A house that is ready to be foreclosed upon, a family whose idea of economy is taking a super stretch limo to McDonalds and hanging on to the solid gold purse while not paying the staff enough money and working them longer hours, you have to wonder how in the world this billionaire became a billionaire and why his children and wife seem to have the business sense of a retriever.
90 thousand square feet will soon be up for grabs when the threatened bank foreclosures take hold of the Siegel family home, or a short sale is arranged to avoid one. Back in 2012, with the house still under construction and billed as one of the largest homes in the United States, the Siegels had not grasped the fact that their reign was soon coming to an end. In a world where bank foreclosures and short sales are part and parcel of everyday life to many Americans, the Siegels were living in their own little dream world.

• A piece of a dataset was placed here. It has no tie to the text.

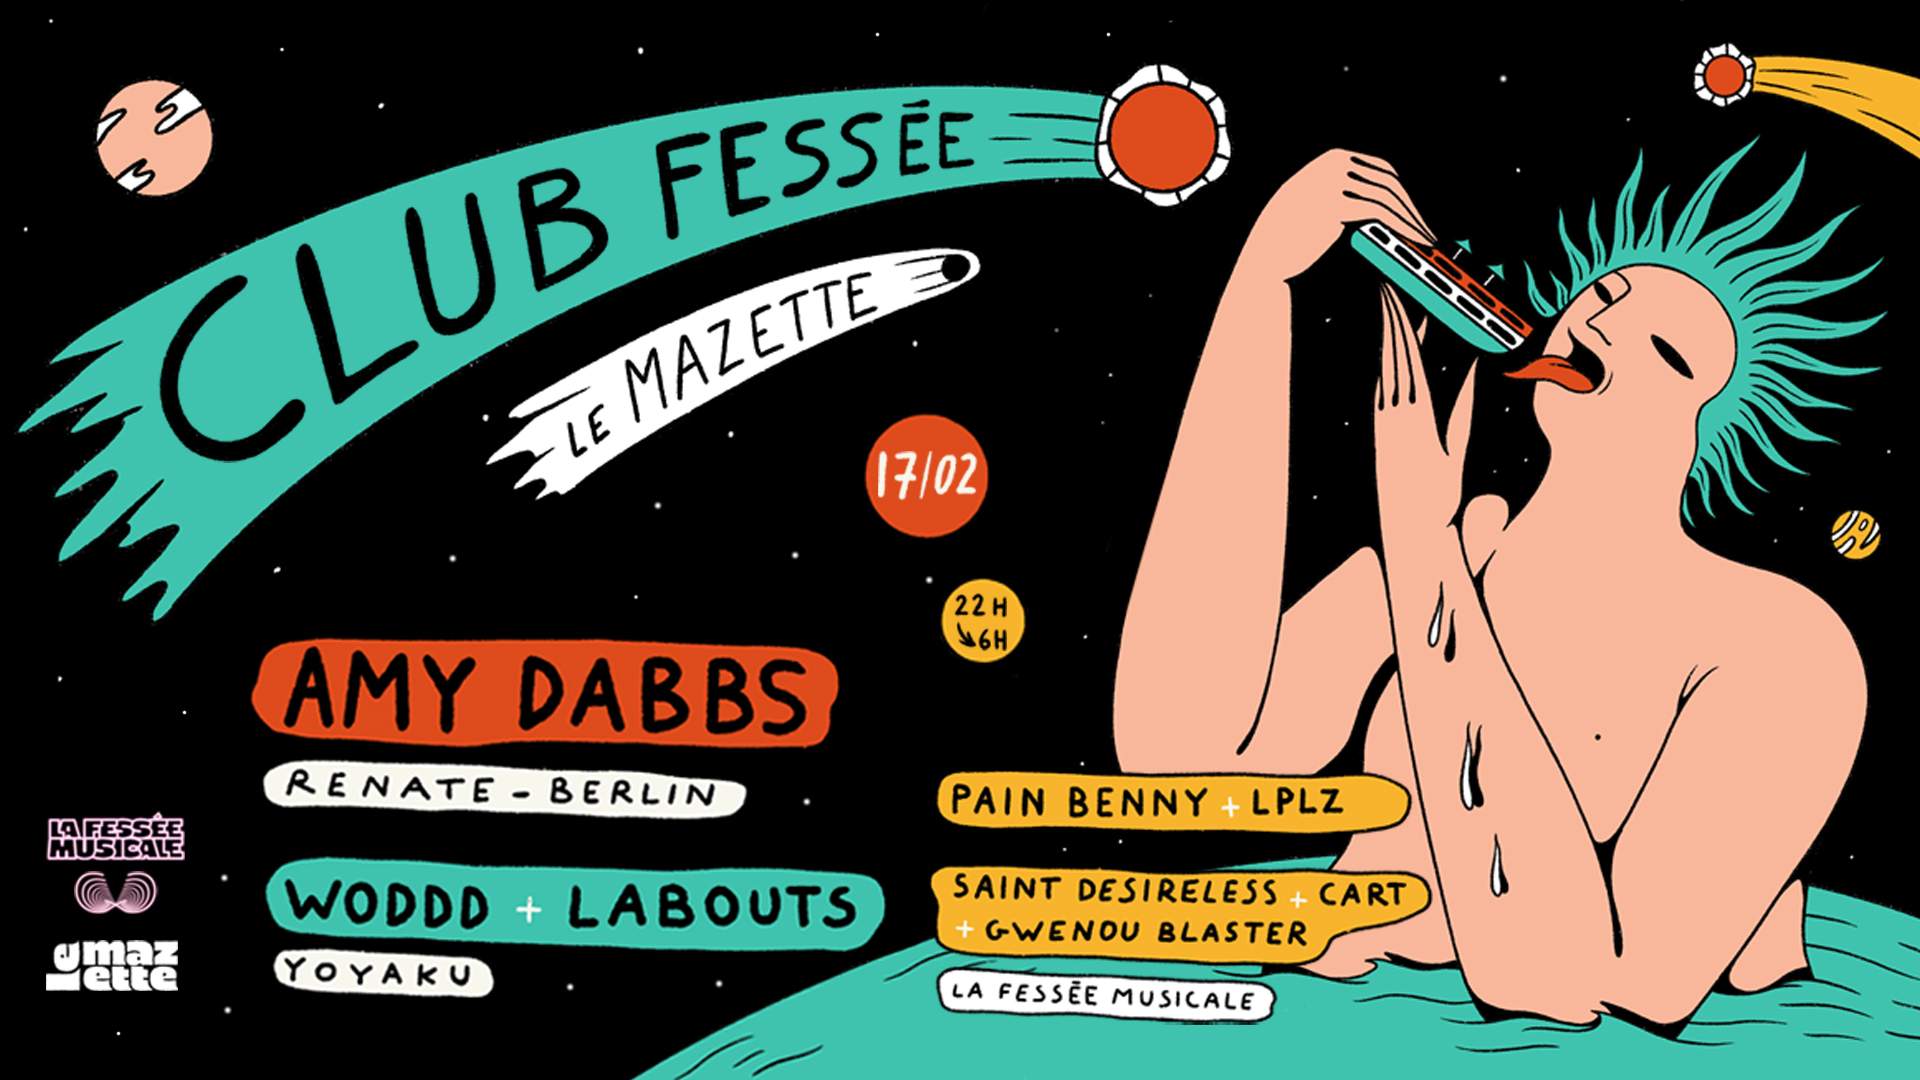 CLUB FESSÉE • Amy Dabbs (Renate - Berlin), Woddd + Labouts (Yoyaku) - フライヤー表

David is generally portrayed in the media as a study in hubris, telling the world that he was nearly “singlehandedly” responsible for putting George W. Bush in the White House. Nowadays his wife Jackie, in an attempt to save money, takes a stretch limousine to McDonalds to purchase a meal.
When asked questions about the remainder of the world and how they are having to tighten their belts to make ends meet, the Siegels respond “Let them eat cake.”
If you believe the portrayal of this family in the upcoming “Queen of Versailles” documentary, this is a family that loses multiple pets because they’ve lost track of them and/or forgotten to feed them, while dog feces is often deposited unceremoniously about the floor on costly rugs. It is a study in contradictions.
Today, rather than cake, the Siegels order dollar menu items from a stretch limo and hang on to the trappings of wealth, while trying to sell their home for more than 75 million–a home which is not yet completed.
The world looks in awe at the the lifestyles of people like the Siegels, while those who are a bit more practical can find in this story much cause to be amused and saddened.